3) Pretreatment of irrigation sewage.

(2) Building supporting environmental projects and vigorously carrying out sewage treatment and utilization.

Building supporting environmental projects and vigorously carrying out sewage treatment and utilization are the fundamental measures to control the deterioration of groundwater quality. A large amount of untreated sewage is the main pollution source that causes the current environment, especially water pollution. The treated sewage can be used for different purposes of water supply according to its water quality, so as to improve the reuse rate of wastewater and increase the total amount of water resources.

(3) Take hydraulic measures to prevent inferior water (or sewage) from invading the exploitation aquifer.

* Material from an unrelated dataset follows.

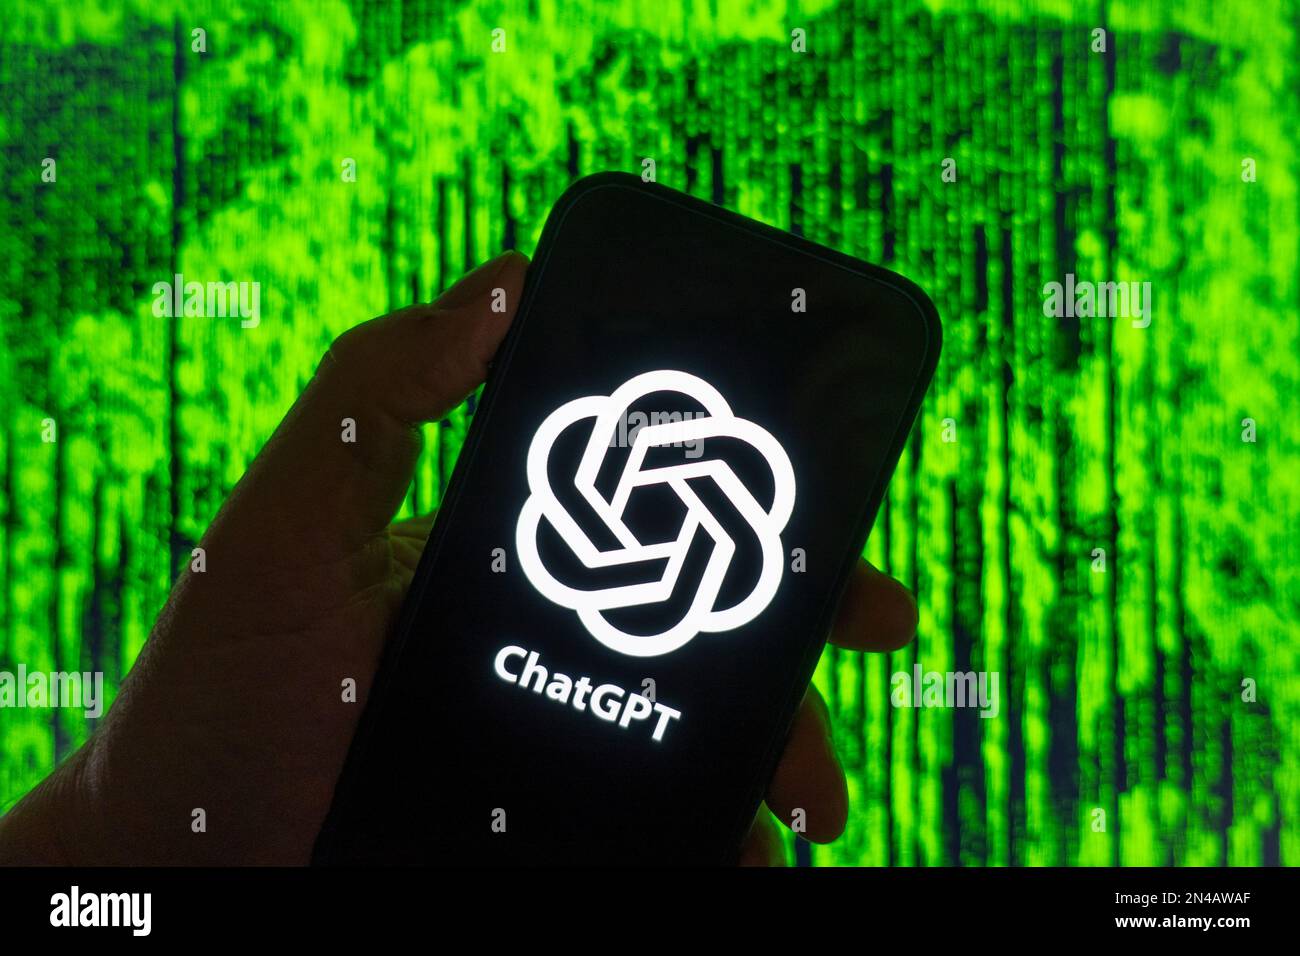 Digitales zusammengesetztes Bild des OpenAI ChatGPT-Chatbot-Logos auf dem Mobiltelefon Stockfoto

When seawater or other inferior water intrudes into the aquifer from the side, so-called "hydraulic" measures can be taken to prevent the intrusion of inferior water bodies. Now take the prevention of seawater intrusion abroad as an example to introduce it.

1) "Recharge water mound" or "fresh water barrier" method. That is to say, a fresh water injection well is arranged between the coast and the inland mining area, and a "recharge water mound" higher than the natural groundwater level is formed by water injection (figure 12- 1), so as to control the inland movement of the salt water surface. It is reported that this method has been used in a coastal area of California and the coast of Israel, successfully preventing seawater intrusion.

Fig. 12- 1 schematic diagram of recharge water mound (fresh water barrier)

2) "water pumping tank" method. A pumping line is arranged between coastal and inland mining areas to form a "pumping trough valley" to prevent salt water from moving inland. If the extracted salty and light mixed water cannot be used, it will be discharged into the sea. The advantage of this method is that it does not need to replenish water. This method of preventing seawater intrusion has been widely used in freshwater sand dunes along the coast of the Netherlands (Figure 12-2).

Figure 12-2 Schematic diagram of water pump box (the legend is the same as Figure 12- 1).

3) The method of "combining water injection with water pumping". Generally, pumping tanks are arranged near the coast, and water injection wells are arranged near the exploitation water source.

4) Construction of "underground water retaining wall". This method is mainly used in areas where salt water invades along narrow seepage channels. For example, in the northwest of Nagasaki Prefecture, Japan, a grouting curtain was built in the gravel layer containing clay near the entrance of the passage to prevent seawater intrusion. An artificial underground reservoir has been formed offshore, but the effect of this measure is limited. Even if the dynamic water level remains above sea level, it is difficult to prevent the "rising cone" formed by deep brine from moving into the well.

In addition to the above situation, there is also a situation that a large area of land is secondary salinized due to unreasonable irrigation, which worsens the ecological environment. For example, in Kashgar, the area of land salinization has reached 64.7% of cultivated land, which is amazing. The main prevention and control measures should be reasonable irrigation.